A new job in .github/workflows/ci.yml, parallel to ADR-059's security: job and added to build-images.needs so a failure blocks the build + deploy:

code-scanning-gate:
  name: Code Scanning Gate (ADR-060)
  runs-on: ubuntu-latest
  permissions:
    security-events: read
  steps:
    - name: Fail on open critical/high CodeQL alerts
      env:
        GH_TOKEN: ${{ secrets.GITHUB_TOKEN }}
      run: |
        # Default setup is async — poll for an analysis on this SHA (bounded).
        analyses=0
        for i in $(seq 1 10); do
          analyses=$(gh api ".../code-scanning/analyses?ref=$REF&sha=$SHA&per_page=1" --jq 'length' || echo 0)
          [ "$analyses" -gt 0 ] && break
          sleep 30
        done
        if [ "$analyses" -eq 0 ]; then
          echo "::warning::No analysis for this SHA within timeout — passing (fail-open on MISSING analysis)."
          exit 0
        fi
        open=$(gh api ".../code-scanning/alerts?ref=$REF&state=open&per_page=100" --paginate \
          --jq '.[] | select(.rule.security_severity_level=="critical" or .rule.security_severity_level=="high") | .number' | wc -l)
        [ "$open" -gt 0 ] && { echo "::error::$open open critical/high — blocking"; exit 1; }

Design decisions:

  • Fail-open on missing analysis only, never on present findings.

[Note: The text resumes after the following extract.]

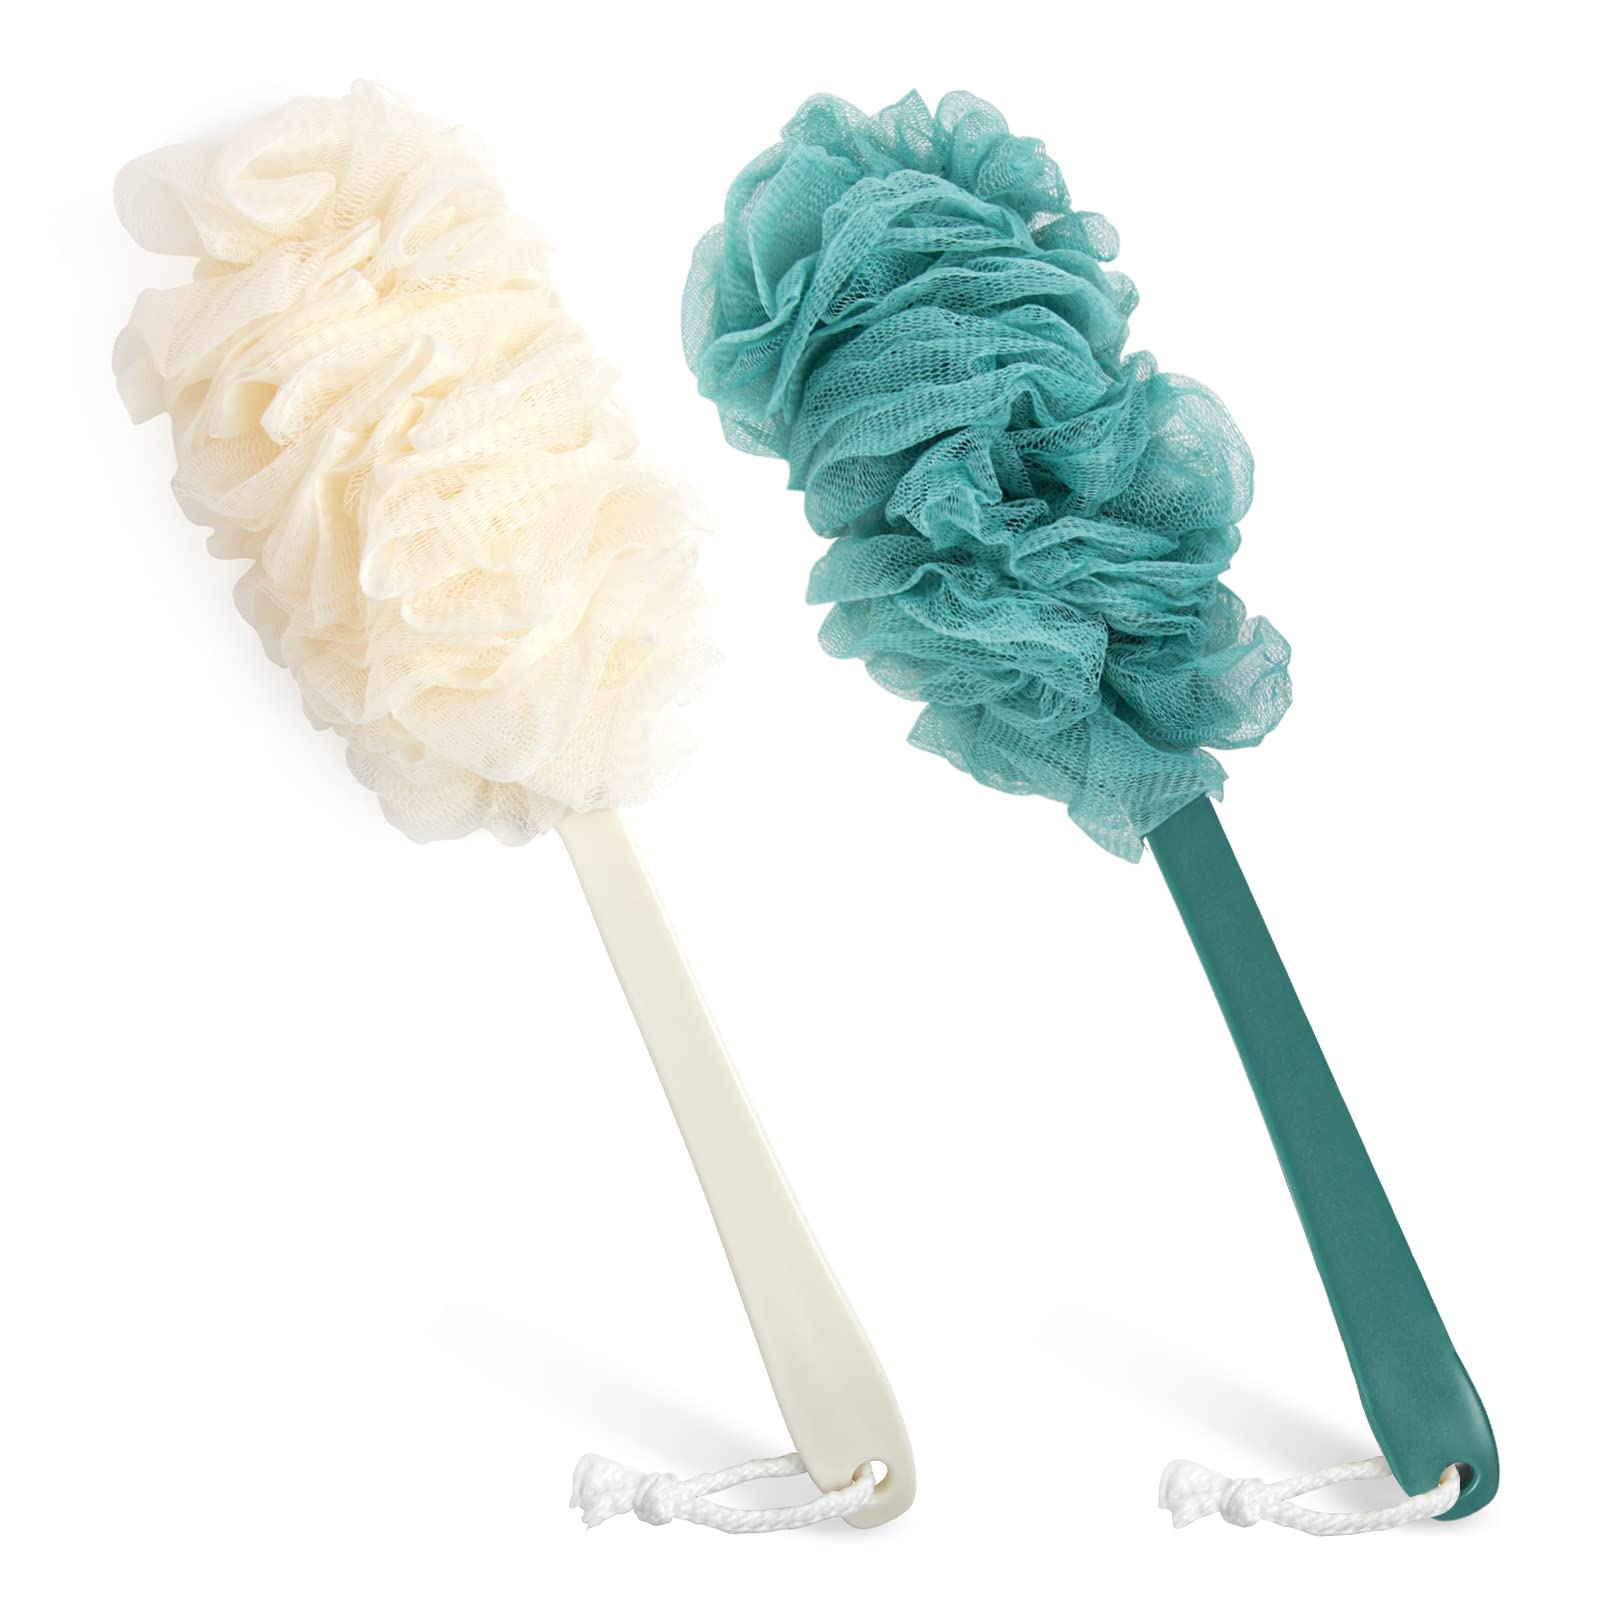 2Pack Back Scrubber for Shower，PIPUHA Loofah Sponge Shower Brush Using Body Exfoliating with Long Handle, Loofah on a Stick for Men Women, Bathing Accessories for Body Brushes (Blue and White)

Default-setup analysis is asynchronous; the job polls up to 10×30s for an analysis on the pushed SHA. If none lands in the window, it warns and passes (a missing analysis is an infrastructure race, not a security signal). If an analysis exists and shows open critical/high → it fails. The asymmetry is deliberate: never let a transient timing gap silently block, never let a real finding silently pass.
  • Severity filtered in jq, not the API query param. The alerts endpoint's severity filter is unreliable across rule types; we fetch open alerts and filter on rule.security_severity_level in (critical, high) locally.
  • Gate scope = critical + high. Mediums are tracked (SLA below) but do not block, matching ADR-059's --audit-level=high.

4. SLA

  • No high/critical code-scanning alert (or dependency vuln) open > 1 week.
  • No finding of any severity open > 2 weeks.
  • New genuine findings are fixed; new false positives are dismissed with a written justification — an undismissed, untriaged alert is itself an SLA breach.

5. Escape hatch

git push --no-verify skips local hooks; the CI gate cannot be bypassed from a push. A genuinely needed exception is made by triaging/dismissing the specific alert with justification (which is auditable), not by disabling the job.


Alternatives Considered

  1. PR-based native severity gate (GitHub's "code scanning results" required check with a severity threshold on PRs). Stronger and zero custom script — but it gates pull requests, and Karmyq currently deploys via direct push to master (see deploy workflow). Adopting it would mean reworking the branching model. Recorded as the preferred future option; deferred this sprint. The custom poll-gate fits the current direct-push flow.
  2. Dial the threat model back to remote to shrink the board from 386 to a smaller, mostly-remote-exploitable set. Rejected for this sprint: with public release imminent, maximum coverage + full triage was preferred over a quieter board.
  3. Advanced-setup codeql.yml workflow. Rejected — conflicts with default setup, and default setup already gives autobuild + managed query packs.

Consequences

Positive

  • Code-scanning debt can no longer silently accumulate; the board is at 0 open critical/high and stays there or CI goes red.
  • Coverage is now security-extended + remote_and_local — substantially deeper than the prior default.
  • Every dismissal carries an auditable written justification.

Negative / trade-offs

  • The aggressive config produces more false positives (350 fixed-host request-forgery), which is ongoing triage cost. Mitigated by the per-class justifications (future occurrences of the same pattern are quick to dismiss by reference).
  • The poll-gate fails open on a missing analysis — a (narrow) window where a push could deploy before analysis completes. Accepted, and documented; the next push re-evaluates.